Deep Learning Using Python

Author

Mark Andrews

This is a hands-on introduction to deep learning in Python using PyTorch. The topics are modular and can be combined to suit different course lengths and emphases.

Foundations

Introduction to Artificial Neural Networks

We implement artificial neurons from scratch using NumPy. We define and plot the common activation functions, then build a simple forward pass through a small network by hand. This gives a concrete computational picture of what a neural network is before we move to PyTorch.

Training Neural Networks

We introduce loss functions and work through the mechanics of training: forward pass, loss computation, backward pass, and parameter update.

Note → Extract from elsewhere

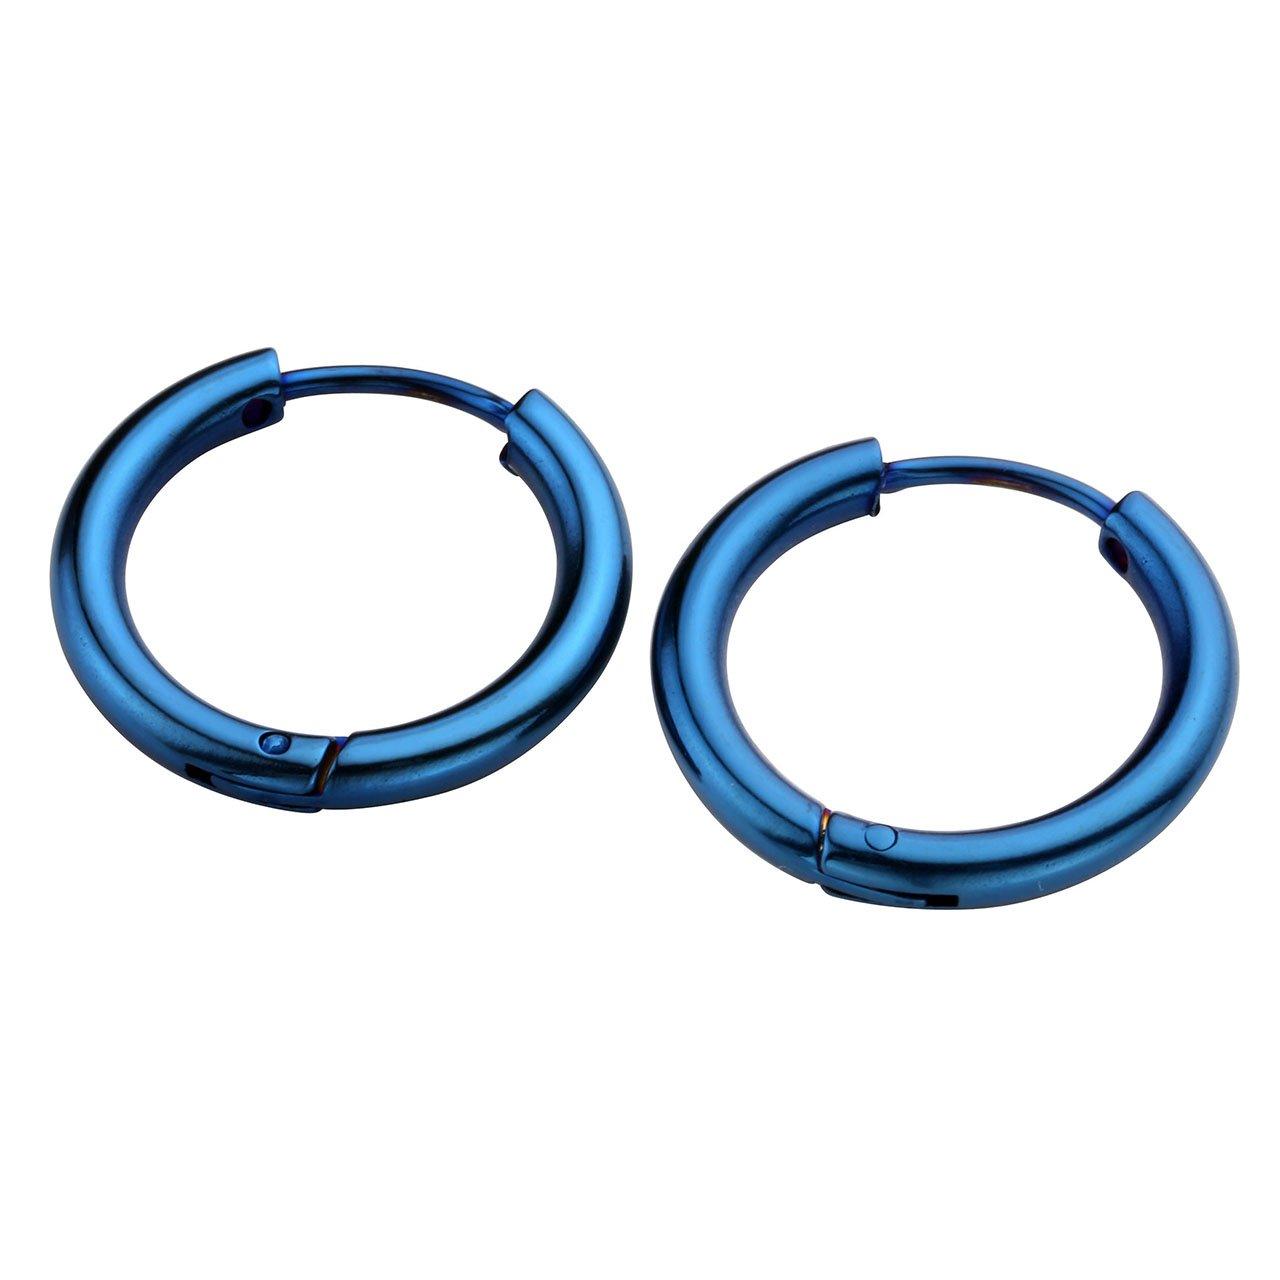 JSDDE 6pcs Boucle d\'Oreille Set Unisex Anneau Tube Circulaire Acier Inoxydable Or Rose Bleu Multicolore Or Argent Noir 14mm

We cover gradient descent and its variants, and introduce PyTorch’s autograd for automatic differentiation.

Multilayer Perceptrons with PyTorch

We build and train multilayer perceptrons using PyTorch’s nn.Module. The running example is MNIST digit classification. We cover the full training loop, monitoring loss and validation accuracy, and practical use of skorch as a scikit-learn wrapper for PyTorch.

Architectures

Convolutional Neural Networks

We introduce convolutional layers and build CNNs for image classification in PyTorch. We cover Conv2d, MaxPool2d, and BatchNorm2d, and train a CNN on MNIST.

Language Models

Language Models and Transformers

We cover tokenisation, embeddings, and the self-attention mechanism. We work through the transformer architecture piece by piece, building toward the GPT-style decoder used in the following topic.

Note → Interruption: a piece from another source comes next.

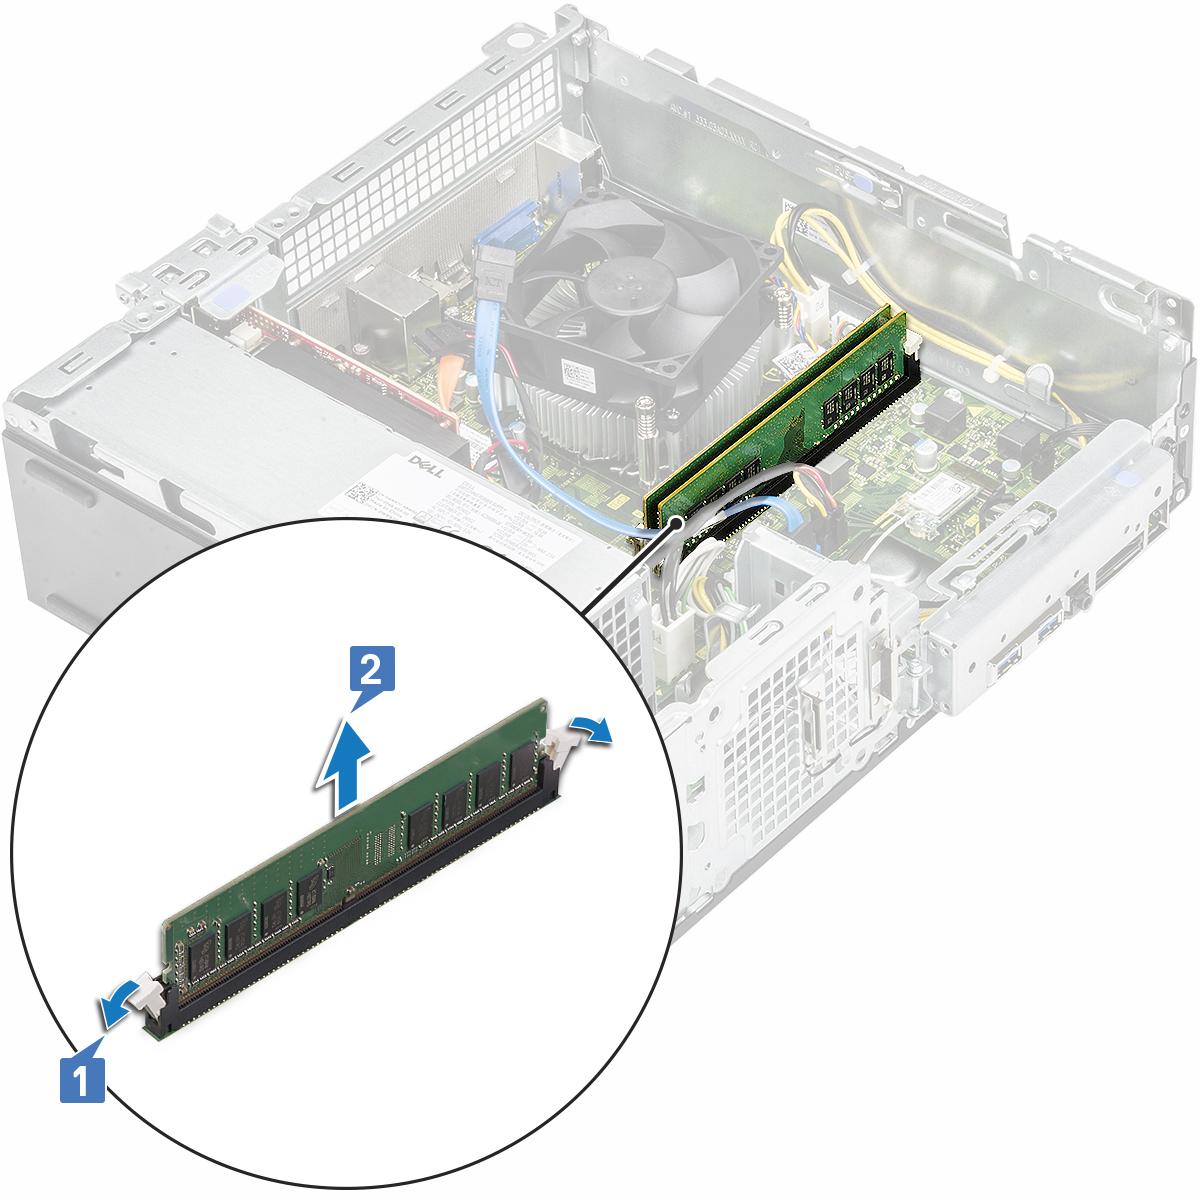 Gambar yang menampilkan pelepasan modul memori

Implementing a GPT Language Model

We implement a minimal GPT from scratch in PyTorch and train it on a small text corpus. We then turn to the Hugging Face Transformers library and use pre-trained models for text classification and generation.

Extra Topics

The Attention Mechanism

A focused introduction to the attention mechanism and the transformer architecture. We motivate attention through the problems of long-range context in language and images, explain the query/key/value framework, implement scaled dot-product attention, and assemble a transformer block.